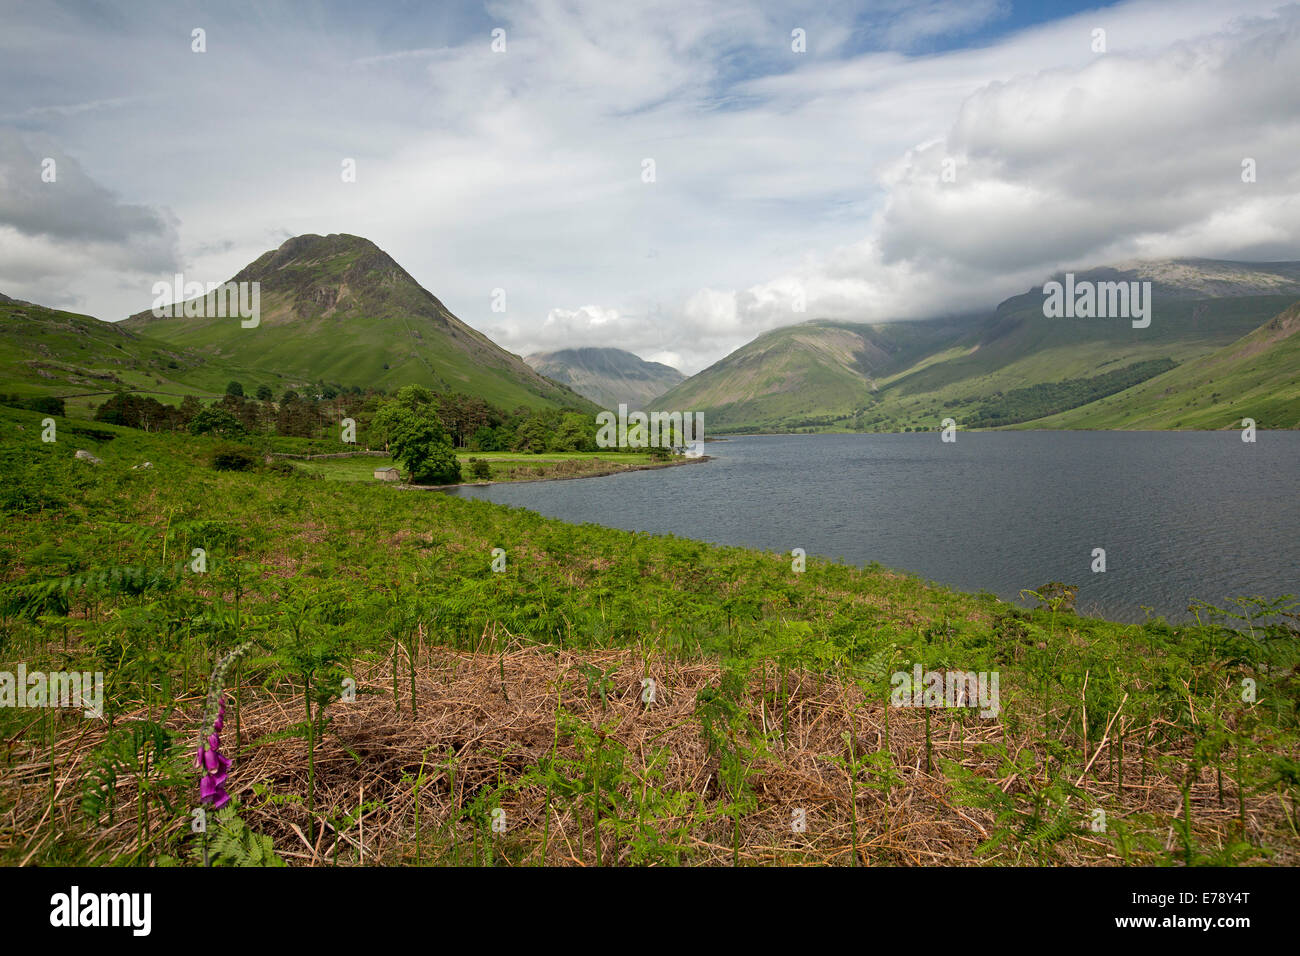 Wastwater lake surrounded by mountain peaks coated with green vegetation, draped with low cloud, Lake District, Cumbria, England Stock Photo
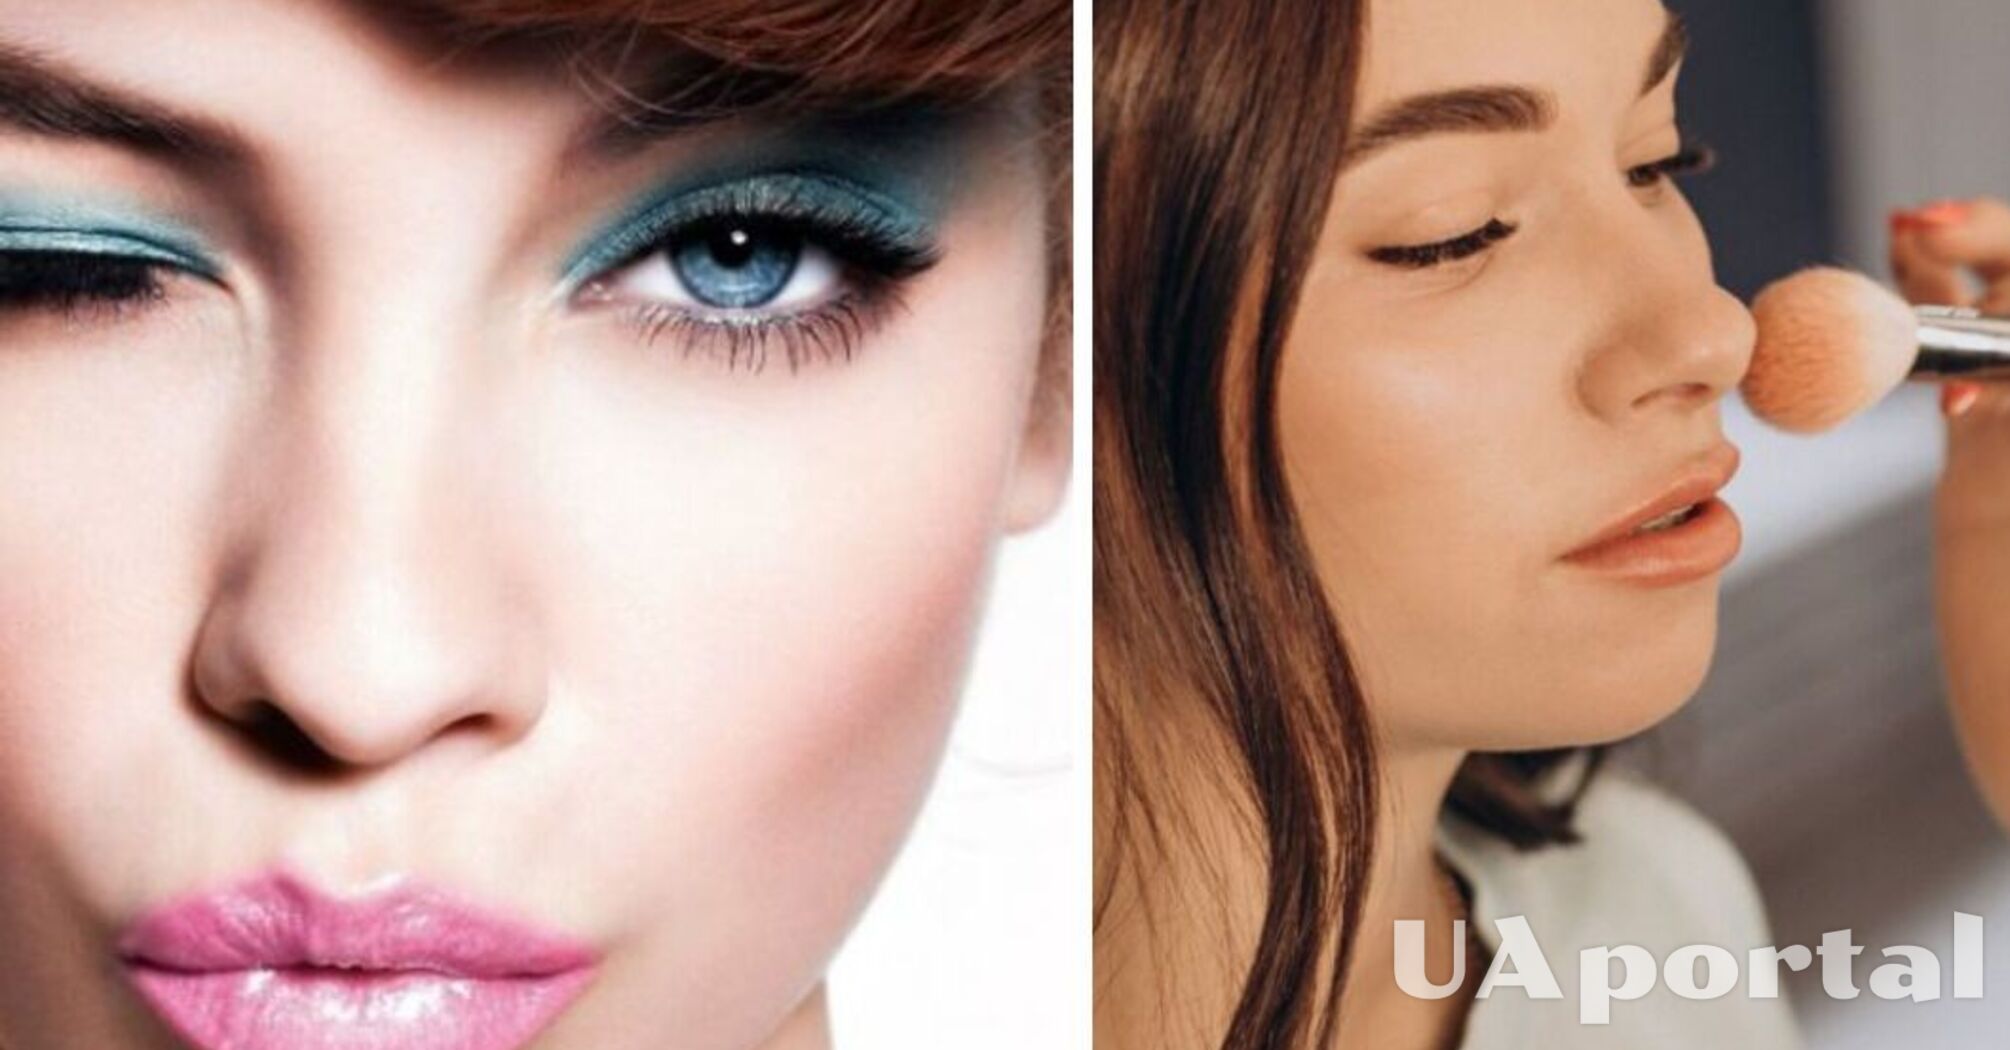 Will stay on all day: secrets of long-lasting makeup
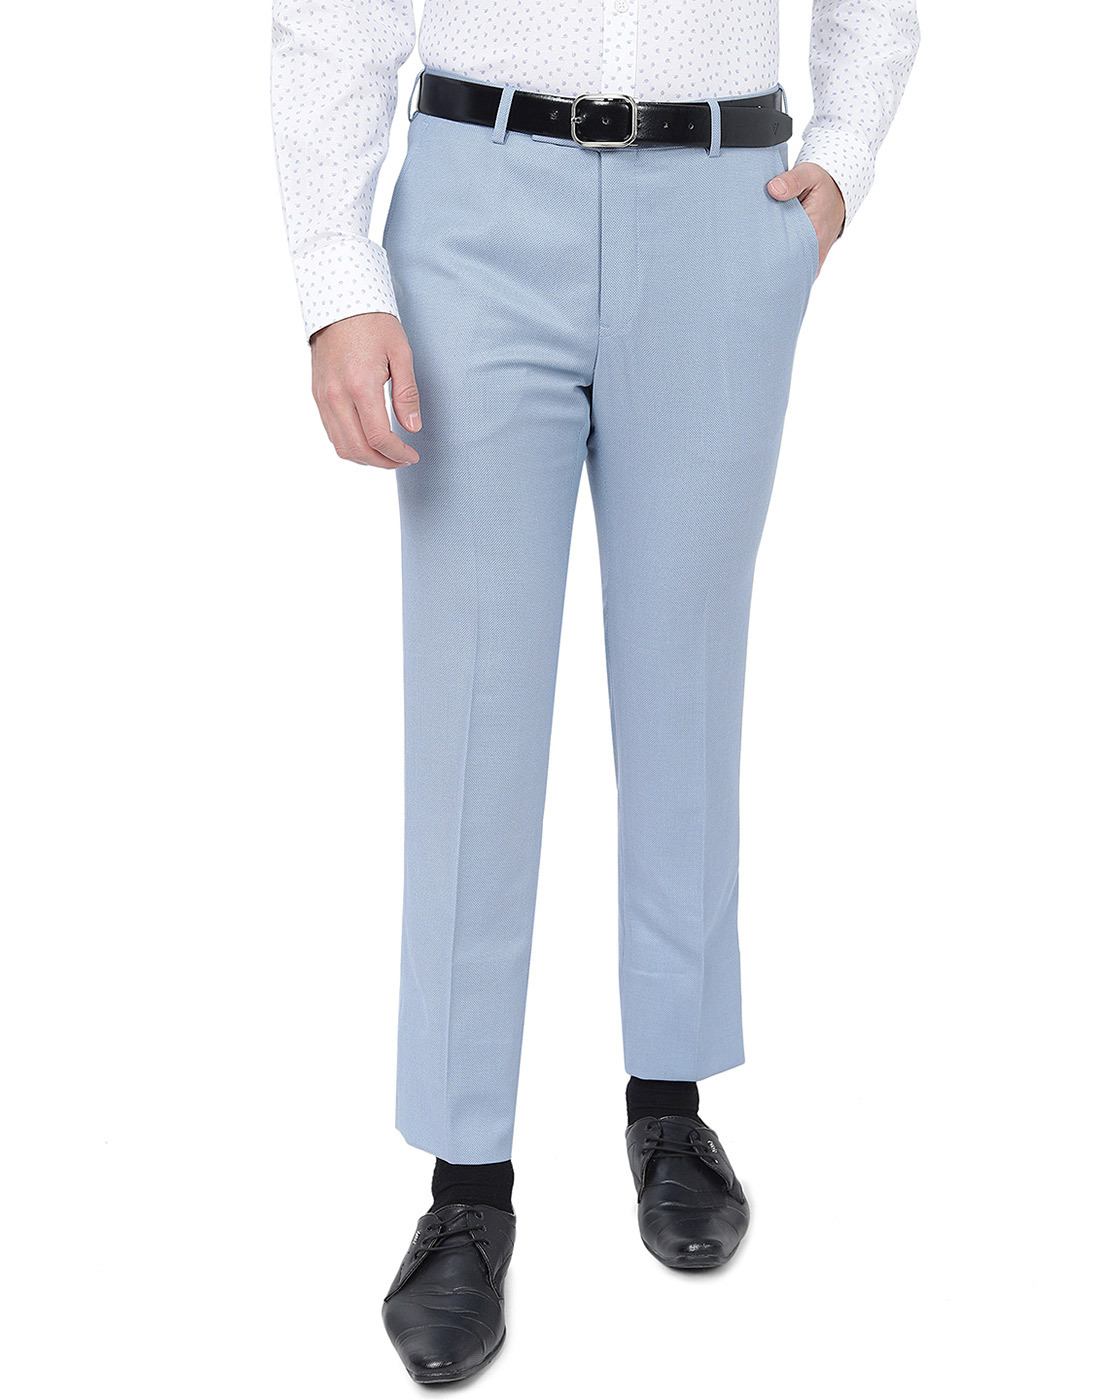 Pale Blue Corduroy Trousers | Men's Country Clothing | Cordings US

→ Exercise instructions
The copy must reproduce the listing above verbatim and contain no pictures.

→ Response to the exercise
 Wastwater lake surrounded by mountain peaks coated with green vegetation, draped with low cloud, Lake District, Cumbria, England Stock Photo
 Will stay on all day: secrets of long-lasting makeup
 Pale Blue Corduroy Trousers | Men's Country Clothing | Cordings US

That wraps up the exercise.